A magnificent robe gave him an air of great distinction. Very proudly he held up his head and puffed out his chest (an effort that caused his cheeks to take on a deep red tinge), while his eyes, with their far-away gaze, showed plainly that he was thinking profoundly and wholly given up to his own meditations.

The Ancient Heroes

Then the fixed gaze relaxed, and it was as if he had come from troubled deeps to the calm of some haven. All round him were circles on circles of warriors. The nearest circle, and the smallest ones was composed of the most important persons, the leading representatives of the nobility, men who rivalled the stately grandeur of the Ancient Heroes. And there they stood, their own exalted rank an inspiration to their juniors. Around them were their lieutenants and the front rank fighters, grouped in a second circle.

With these stood some soldiers of inferior battalions and certain high-ranking company commanders, on the emperor’s left. Surrounding these again we saw the light-armed troops without armour, and behind them all the allied forces which had joined him from different barbarian nations. There were Italians, and Scyths from the Taurus, men of fearful appearance, dressed in fearful garb, both alike glaring fiercely about them.

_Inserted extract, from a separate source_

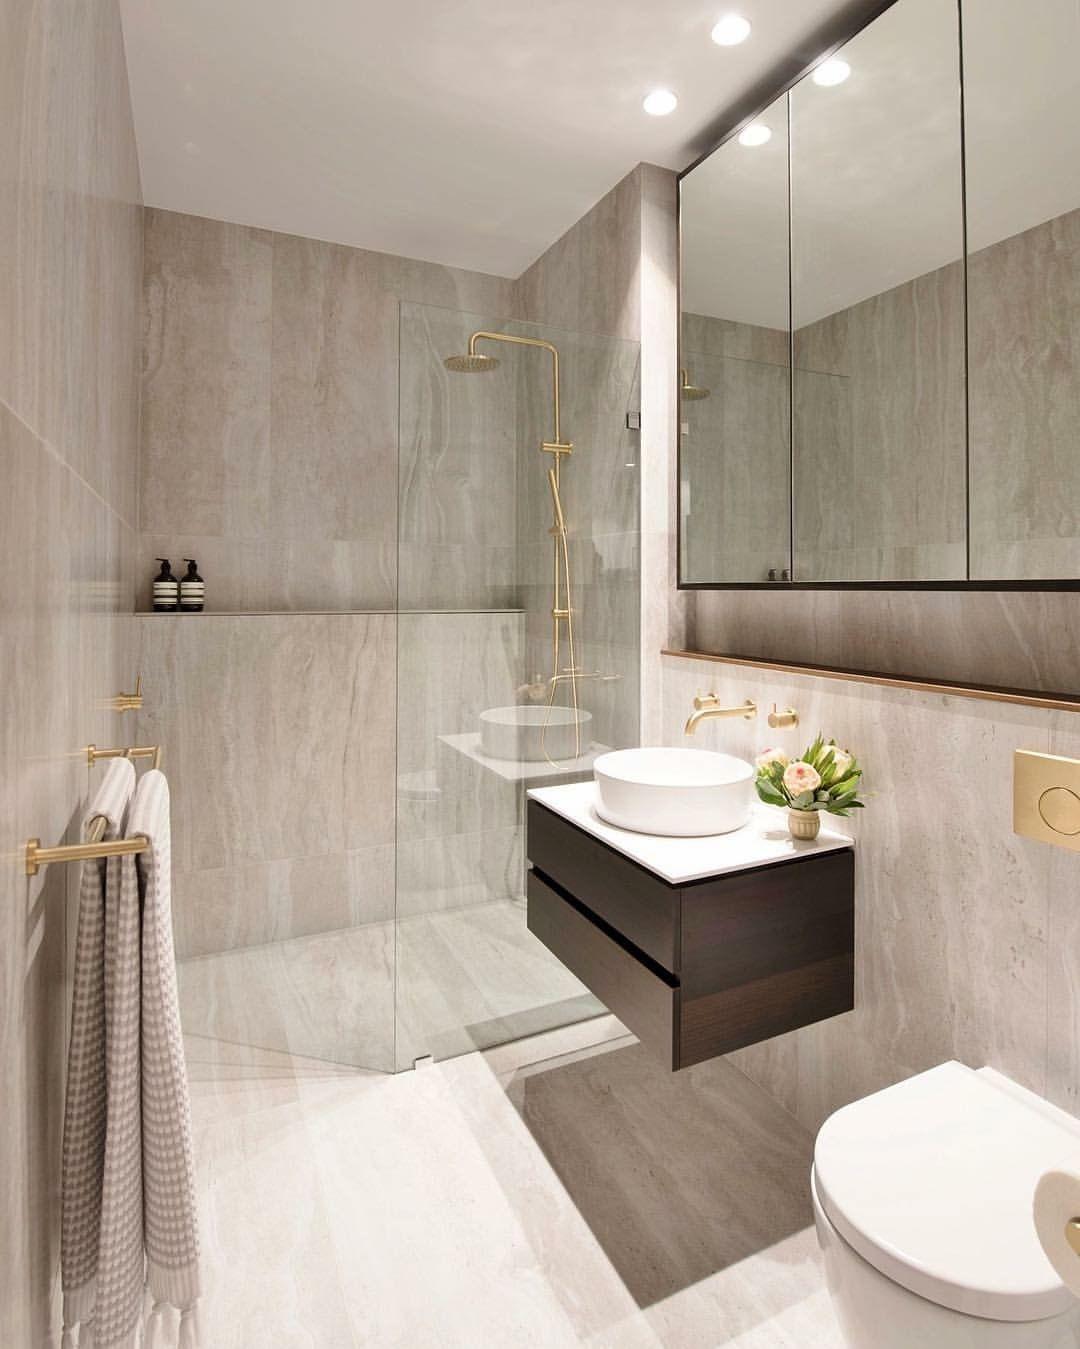 Master bedroom ensuite ideas  Pin by Zaza George on Luxury Decor u Design  Pinterest  Master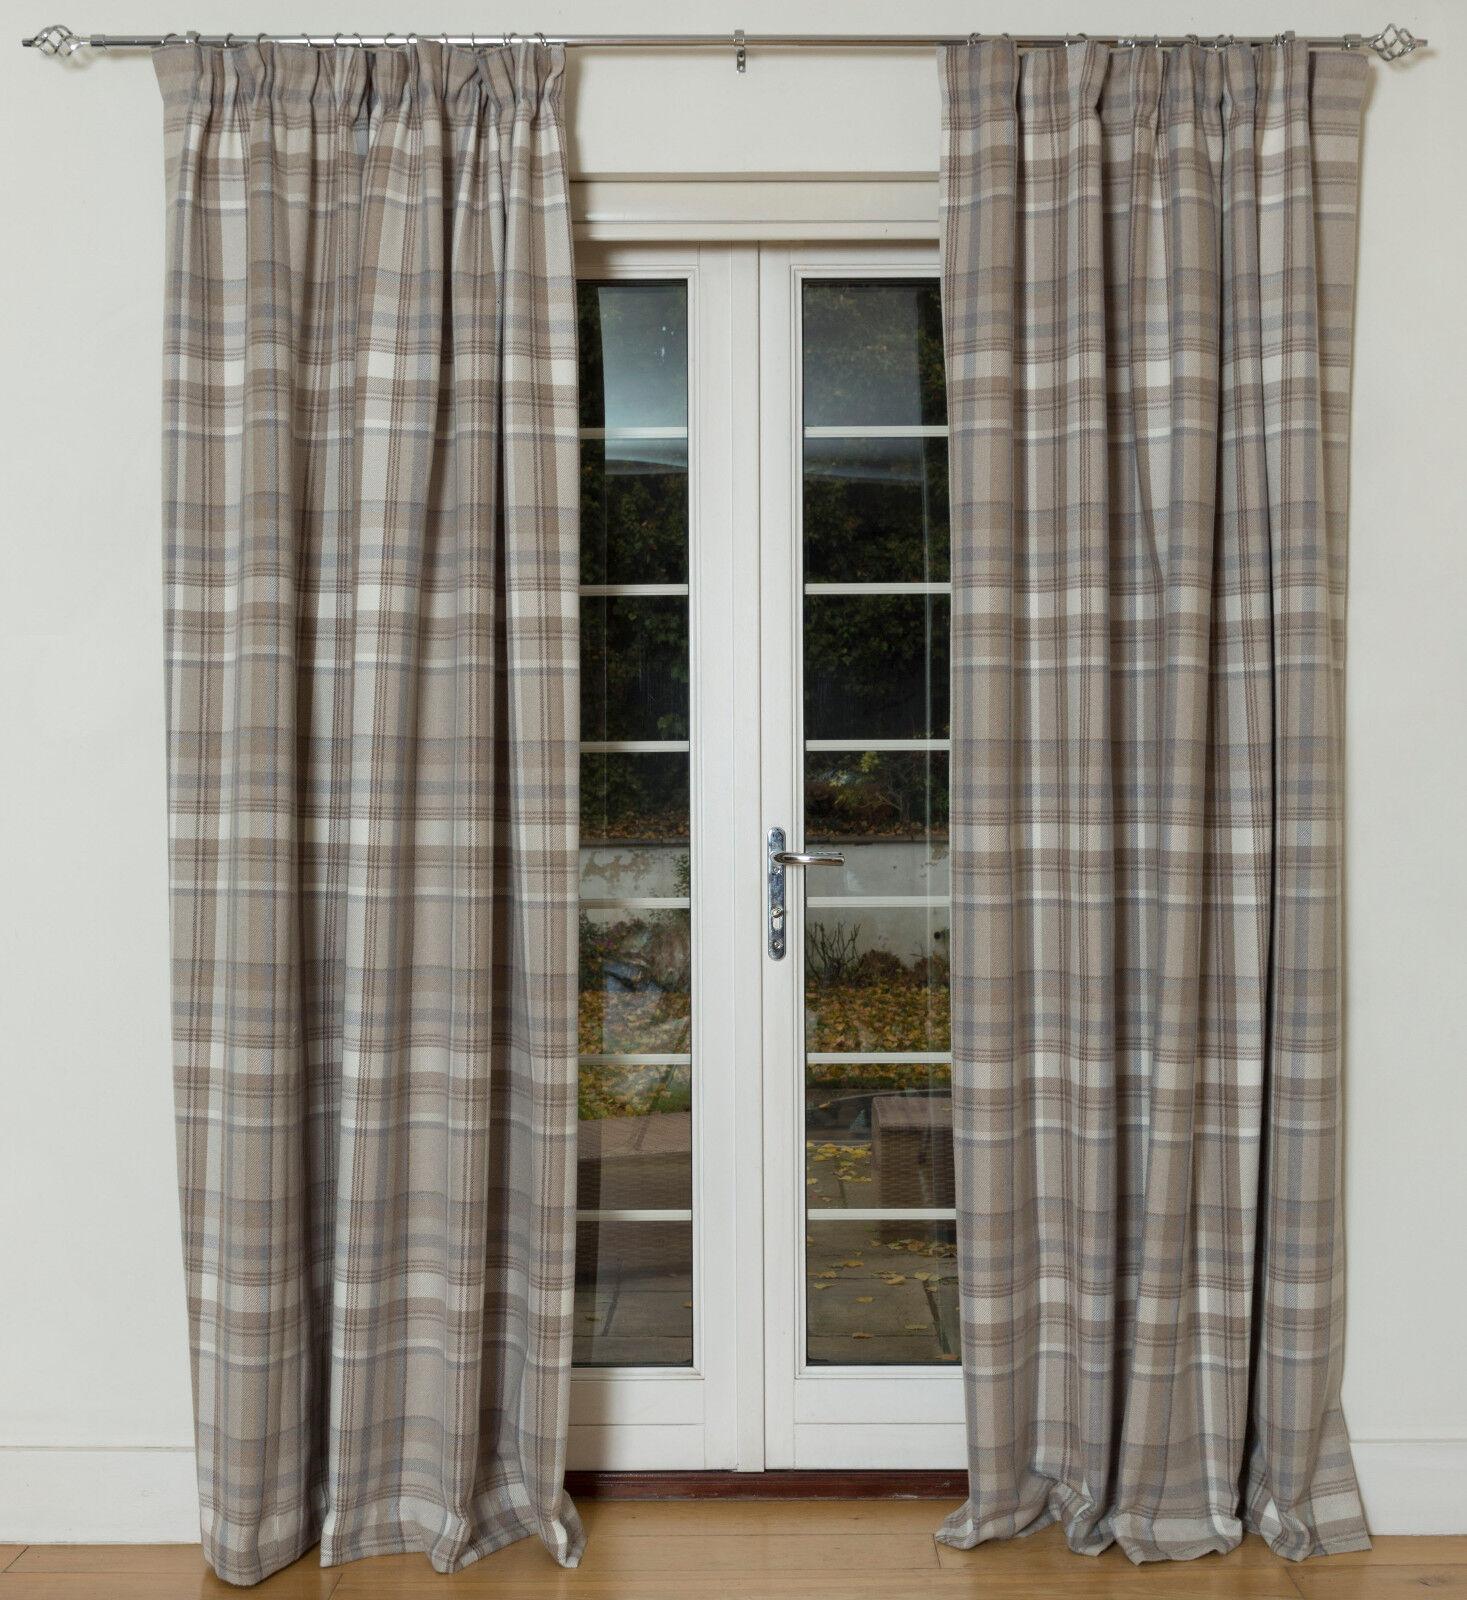 McAlister Textiles heritage Lana Beige Naturale Sensazione Tartan Check Curtain coppia

They were not alike in other respects, for while the one tribe painted themselves and plucked out their eyebrows, the other preserved their natural colour; the one made their attacks as the spirit moved them, were impetuous and led by impulse, the other with a mad fury; the former in their first onslaught were irresistible, but they quickly lost their ardour; the latter, on the other hand, were less impatient, but fought with unsparing devotion and a complete disregard for wounds.

These then were the warriors who rounded off that circle of shields, armed with long spears and single-edged battle-axes. The axes they carried on their shoulders, and with the spiked ends of the spears jutting out before and behind them the intervals between the ranks were, so to speak, roofed in.